The child's verses are neither better nor worse than those of many a little versifier of her age, but they are remarkable because they are obviously untouched by elders, who could so easily have corrected rhythm and metre; they are genuine, and they are written by a child who had apparently forgotten that she had ever seen the light. She had learnt to love it for some occult and mysterious reason which she could not explain, perhaps for the physical effect which light exercises upon the human organism. She loved light, she loved nature, and from early childhood she loved beautiful scenery. Dreams were always a source of delight to her, and her dreams were a feature in her life. She would say that she constantly dreamt about beautiful landscapes. Did some memory of sight revisit her in dreams? "There were beautiful intuitions in her music," we are told. Had she "beautiful intuitions" as to sight?
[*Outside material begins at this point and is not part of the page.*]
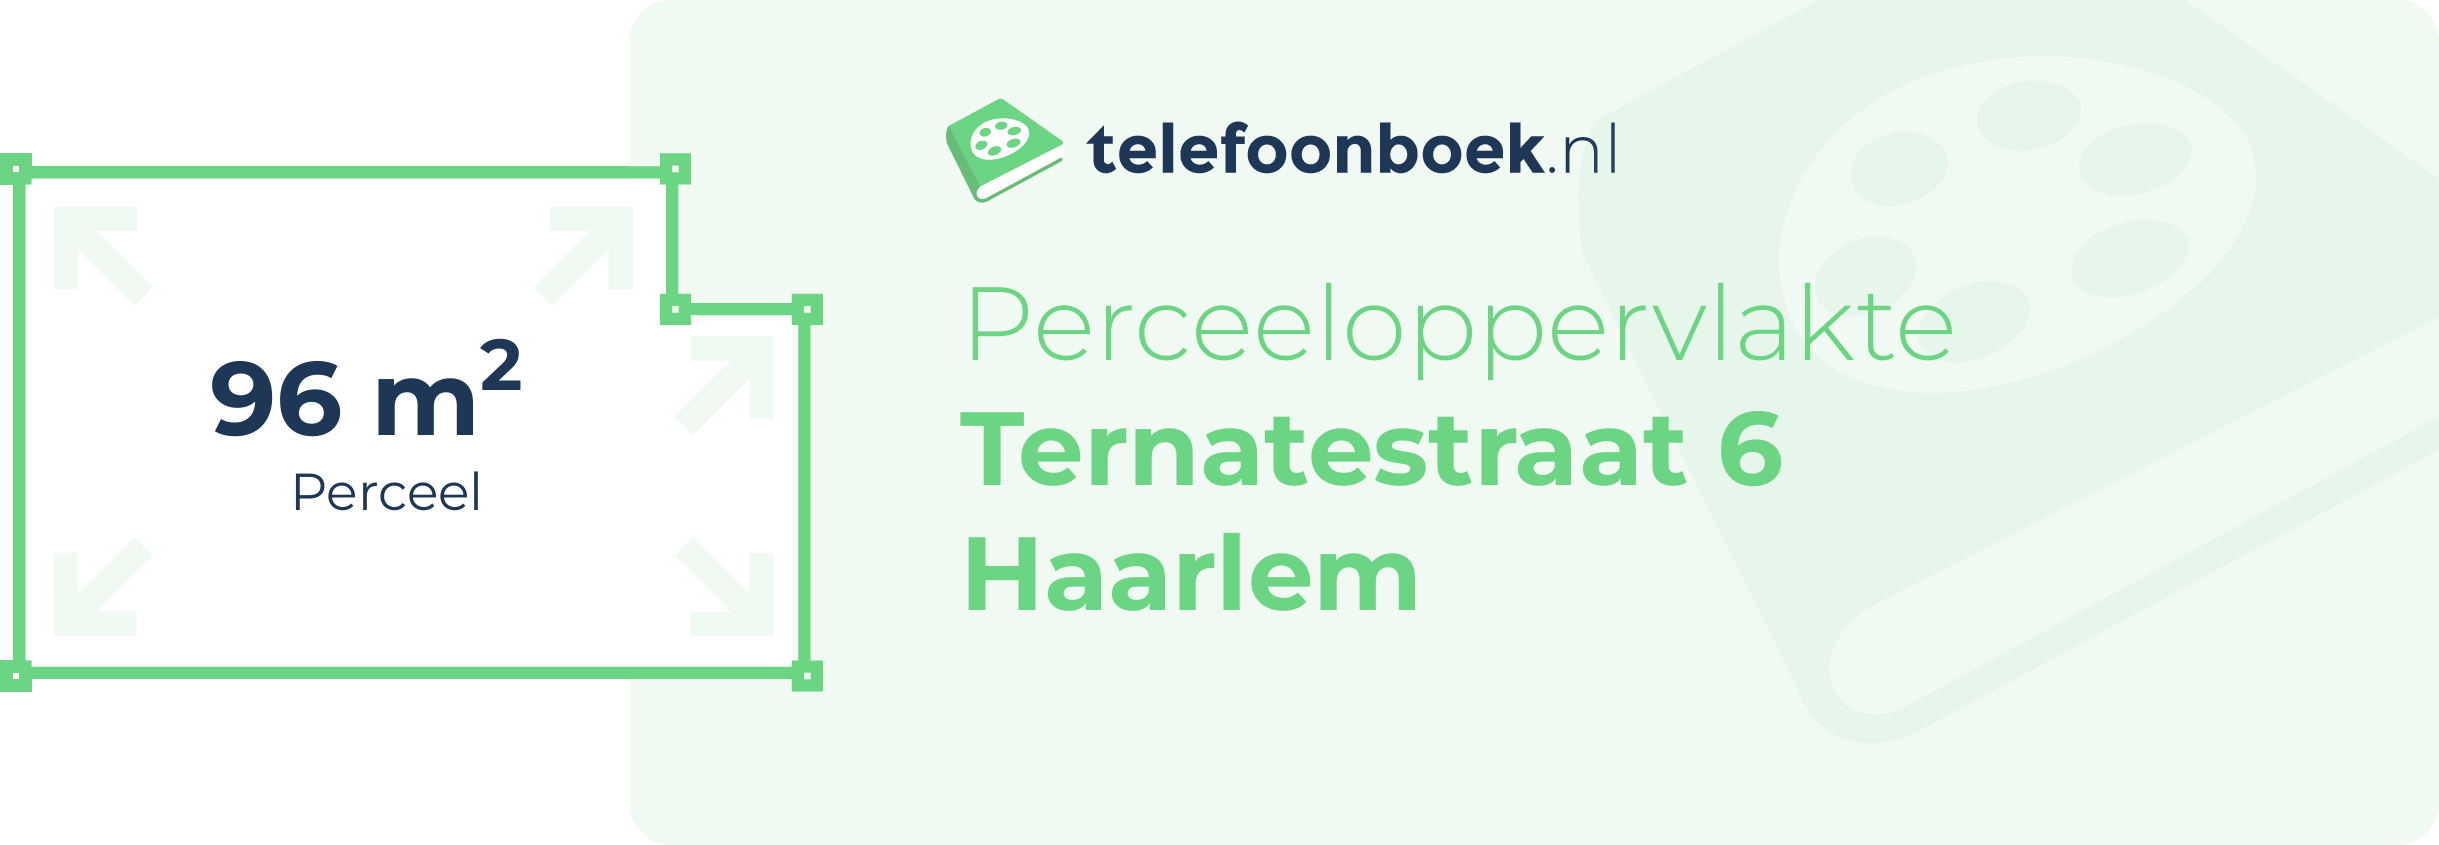 Perceeloppervlakte Ternatestraat 6 Haarlem

Had she, in her dreams, visions of the scenes that passed before her in those three first years of which she retained not the slightest recollection in her waking hours? Beautiful scenery gave her pleasure; there was always a response to any description of it. Once when a sister was describing mountains she said: "I don't want to know how high they are, how many hours it takes to climb them, and what they are made of. I want you to tell me if they make you afraid, if they make you happy, or," drawing herself up, "if they give you a kind of a proud feeling."

In the April before this tenth birthday she had attempted to express in verse her feeling as to the light; and on this day three sonnets were addressed to her by Dr. Kynaston.

What little girl would not be proud of such homage from a "High Master of St. Paul's," and so dear a friend?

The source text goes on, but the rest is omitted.